Well come, probably for parties, as he wrote.
This is called the "
central limit theorem, " and you need to know what it is, why it is so called and what it means, otherwise they will instantly laugh.
In its section, the normal is associated with all distributions. Although, basically, it is associated with the distribution of all sums. The sum of the Bernoulli trials follows a binomial distribution and, with an increase in the number of trials, this binomial distribution becomes closer and closer to the normal distribution. Similarly, his cousin is a hypergeometric distribution. The Poisson distribution — the limiting form of the binomial — also approaches normal with an increase in the intensity parameter.
Outcomes that follow a
lognormal distribution give values ​​whose logarithm is normally distributed. Or in other words: the exponent of a normally distributed value is lognormally distributed. If the sums are normally distributed, remember also that the products are lognormally distributed.
Student's t-distribution is the basis of the
t-test that many non-statistics study in other areas. It is used to make assumptions about the average normal distribution and also tends to a normal distribution with an increase in its parameter. A distinctive feature of the t-distribution is its tails, which are thicker than the normal distribution.
If the thick-tailed anecdote has not swung your neighbor enough - go to a pretty funny
bike about beer. More than 100 years ago,
Guinness used statistics to improve his stout. Then
William Sealy Gosset and invented a completely new statistical theory for improved barley cultivation. Gosset convinced the boss that other brewers would not understand how to use his ideas, and received permission to publish, but under the pseudonym "Student". The most famous achievement of Gosset is the very t-distribution, which, one can say, is named after him.
Finally,
the chi-square distribution is the distribution of sums of squares of normally-distributed quantities. On this distribution,
a chi-square test is built, which itself is based on the sum of the squares of differences, which should be normally distributed.
Gamma and Beta
In this place, if you have already started talking about something chi-square, the conversation begins in earnest. You may already be talking to real statisticians, and you probably should already be otklanivatsya, because things like
gamma distribution can emerge. This is a generalization of
both the exponential
and chi-square distribution. Like exponential distribution, it is used for complex waiting time models. For example, the gamma distribution appears when the time until the next n events is simulated. It appears in machine learning as a “
conjugate prior distribution ” to a couple of other distributions.

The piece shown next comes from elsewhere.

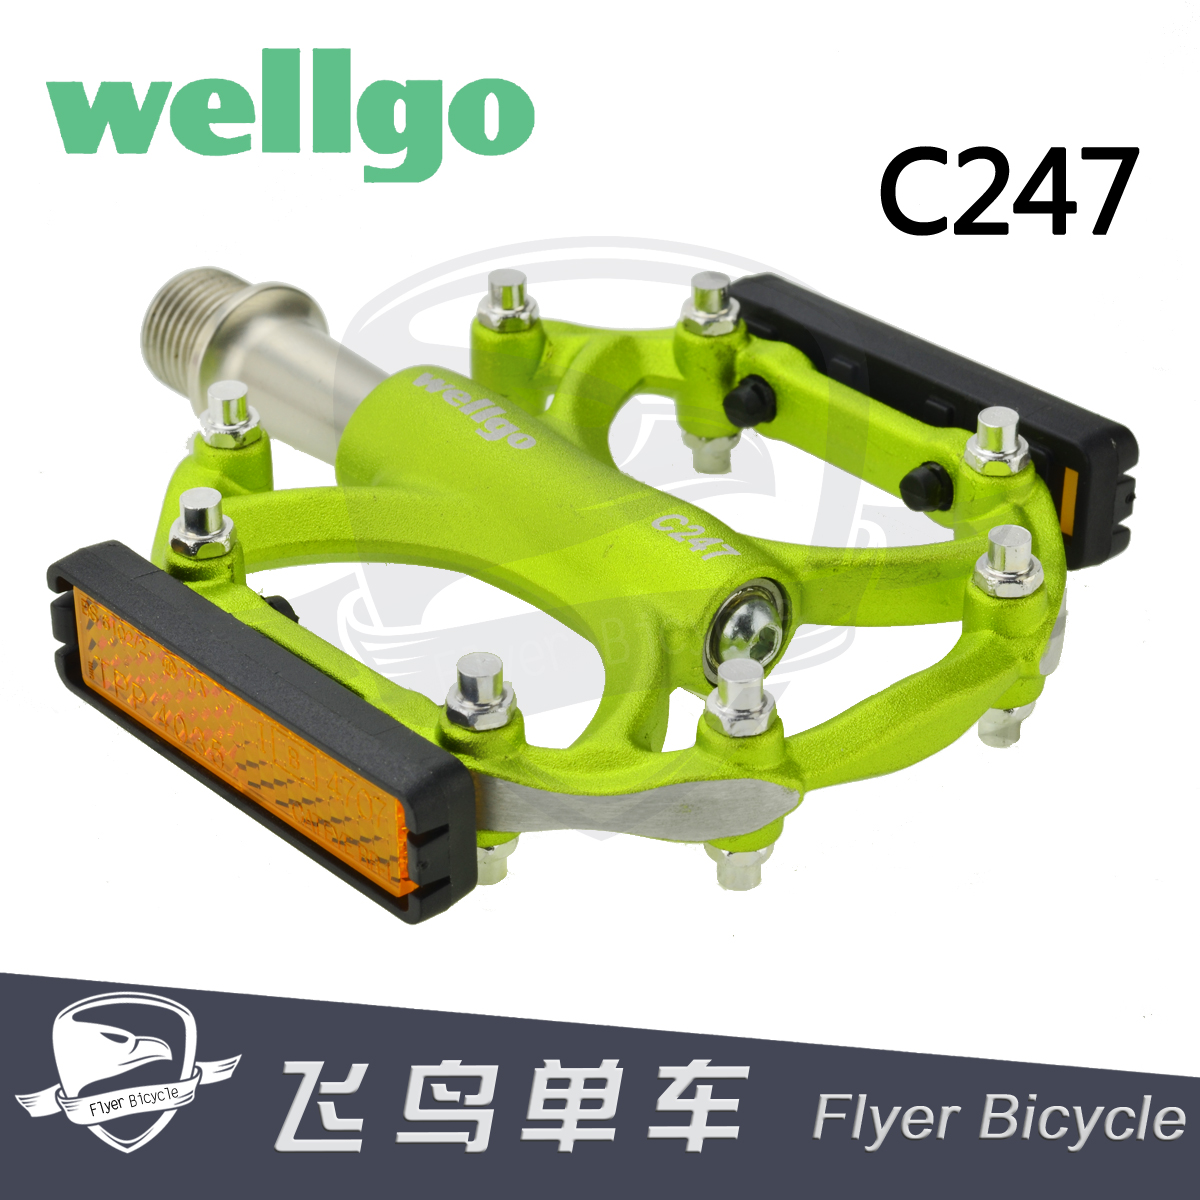 wellgo c247

Do not enter into a conversation about these conjugate distributions, but if you still have to, do not forget to mention the
beta distribution , because it is a conjugate a priori to the majority of the distributions mentioned here. Data scientists are confident that this is exactly what they did. Mention this inadvertently and go to the door.
Beginning of wisdom
Probability distributions are something you shouldn’t know too much about. Really interested can refer to this
super-detailed map of all probability distributions . I hope this comic guide will give you the confidence to appear "in the subject" in modern technoculture. Or, at least, a way with a high probability to determine when to go to a less botan party.
Shaun Aries is director of Data Science in Cloudera, London. Prior to Clouder, he founded Myrrix Ltd. (now the Oryx project) for commercializing large-scale real-time reference systems on Hadoop. He is also an Apache Spark contributor and co-author of O'Reilly Media's Advanced Analytics with Spark.